As I understand the prevailing opinion it concedes that the plaintiffs' complaint states a claim upon which relief could be granted. It, however, seems to conclude that because of the pleadings and depositions, from other actions by plaintiffs against other defendants, in the absence of contradictory affidavits of plaintiff, that defendant has shown as a matter of law that they were entitled to a summary judgment. With this conclusion I do not agree.

I think that all the depositions and pleadings from the other cases show is that plaintiffs relied on and were induced to make these investments by fraudulent misrepresentation of the defendants in the other actions. However, that does not prove that plaintiffs did not rely on and were not induced by the fraudulent misrepresentations of defendant Yates in this action to make these investments. A party may be induced by and rely on the fraudulent misrepresentation of many different persons. I find nothing in the depositions or pleadings which shows as a matter of law or even indicates strongly that plaintiffs did not rely on and were not induced by the fraudulent misrepresentations of defendant to make these investments.

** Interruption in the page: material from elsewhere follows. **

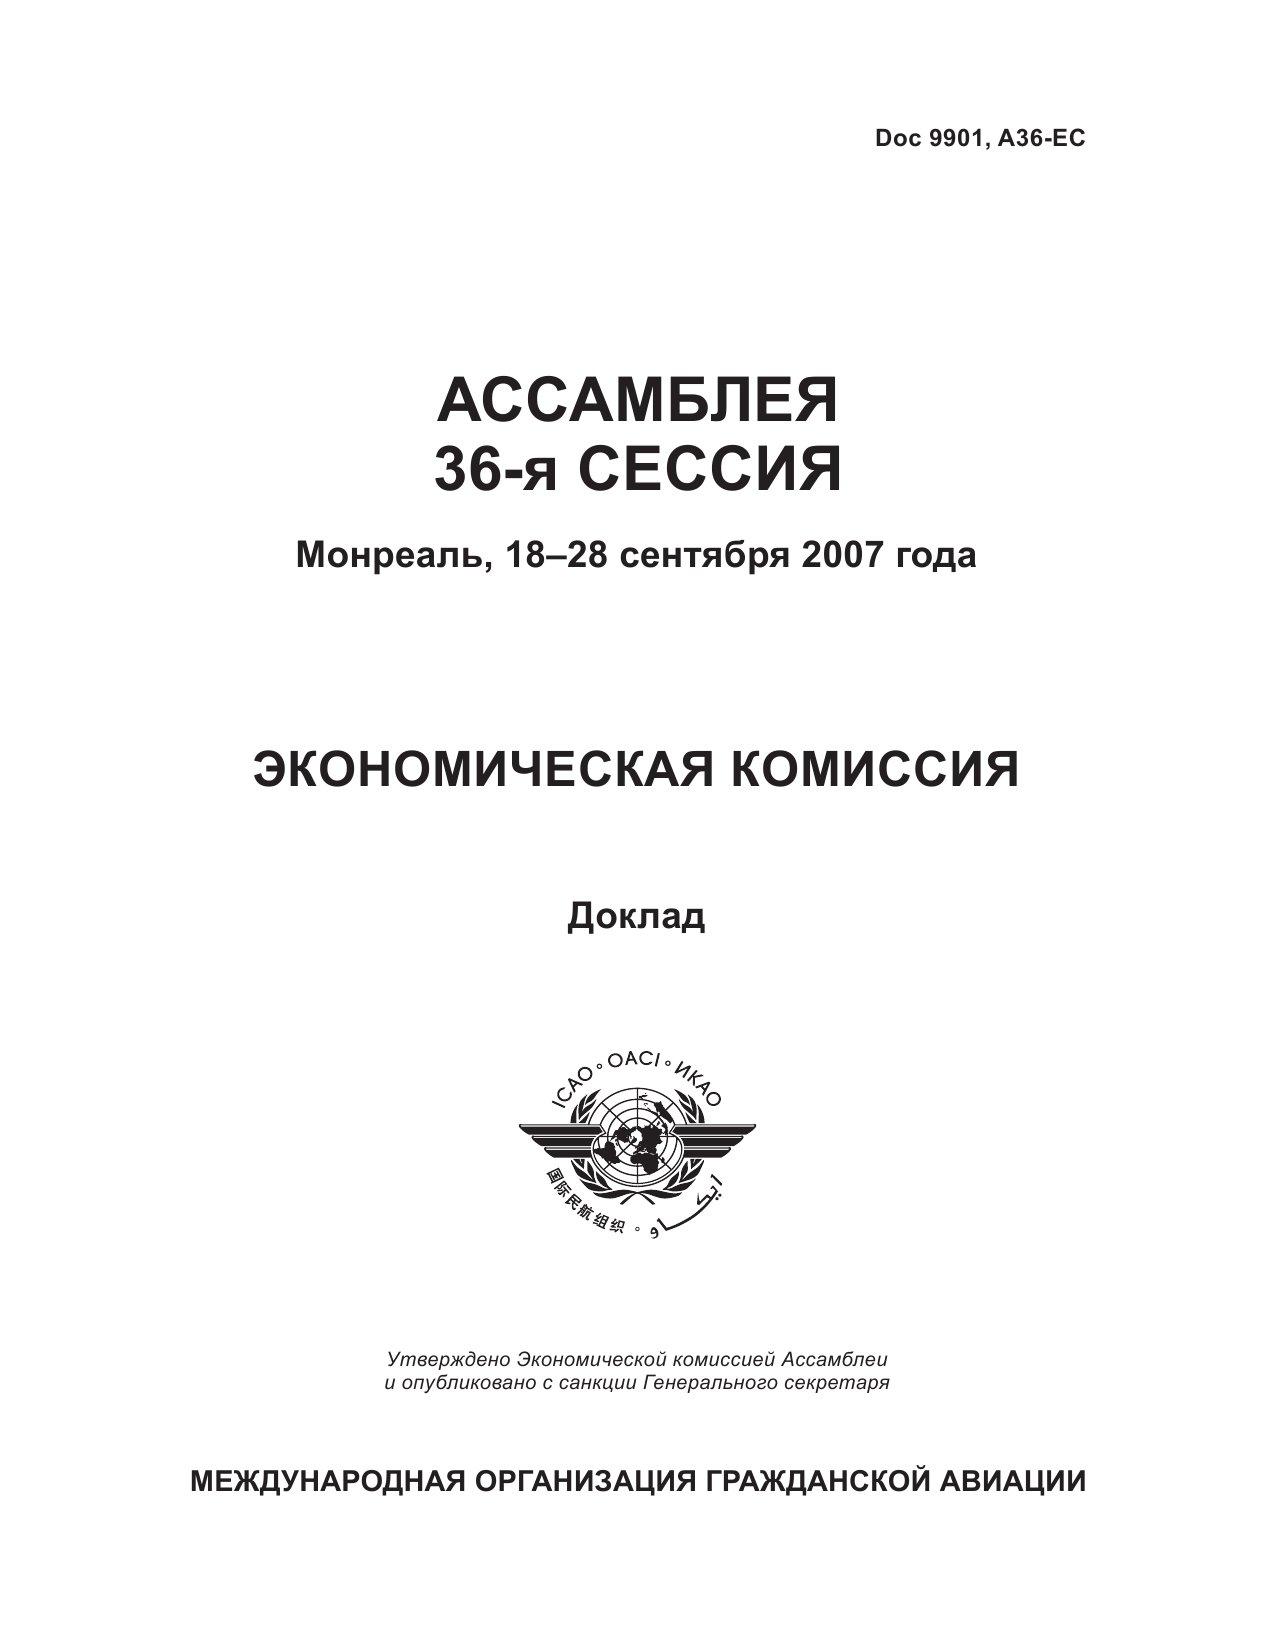 ICAO Doc 9901 АССАМБЛЕЯ 36-я СЕССИЯ. Монреаль, 18-28 сентября 2007 г. Доклад Экономической комиссии.

Nor does the fact that plaintiffs made compromise settlements with the defendants in the other action preclude plaintiffs from recovering against this defendant. Just as in a negligence action, the negligence of more than one person may proximately cause an injury so in an action for damages from fraudulent misrepresentation a person may be induced to make an investment by fraudulent misrepresentations of more than one person. A compromise settlement of the claim of a plaintiff in a fraudulent misrepresentation case does not preclude his recovery from defendants in other cases. Such a settlement by a plaintiff merely means that he has obtained at least part of the damage which he claimed from the persons with whom he makes the compromise. And, of course, as to such persons, it precludes him from further recovery. However, recovery from one defendant for fraudulent misrepresentation does not preclude the plaintiff in such action from recovering any unpaid portion of the damage which he suffered from another defendant in another action. However, the amount which he recovered in the other action would have to be taken into consideration and applied as a part payment of the damages which he sustained.[1]

NOTES

[1] 78-12-26(3) U.C.A. 1953.

[2] 15 U.S.C.A. ยง 77a et seq.

[3] Dupler v. Simmons, D.C., 163 F. Supp. 535.

[4] 268 F.2d 217.

[5] Pace v. Parrish, 122 Utah 141, 247 P.2d 273.

[6] 6 Moore, Federal Practice (2d Ed.) p. 2066; Engl v. Aetna Life Ins. Co., 139 F.2d 469.

[7] Asbill & Snell, Summary Judgment Under the Federal Rules, 51 Mich.L.Rev. 1143, 1155 (1953); 3 Barron & Holtzoff, Federal Practice and Procedure 82.

[8] James v. Honaker Drilling, Inc., 10 Cir., 254 F.2d 702, 706.

[9] 99 Univ.Pa.L.Rev. 212, 223 (1950).

[10] Id. at page 228.

[11] 6 Moore, Federal Practice (2d Ed.) p. 2067; James v. Honaker Drilling, Inc., supra, note 8.

[12] Geller v. Transamerica Corp., D.C.Del. 1943, 53 F. Supp. 625, 629; Leonardi v. Furman, 83 Ariz. 61, 316 P.2d 487, 491.

[13] Davis Stock Co. v. Hill, 2 Utah 2d 20, 268 P.2d 988.

[14] 6 Moore, Federal Practice (2d Ed.) p. 2016.

[1] Green v. Lang Co., 115 Utah 528, 206 P.2d 626.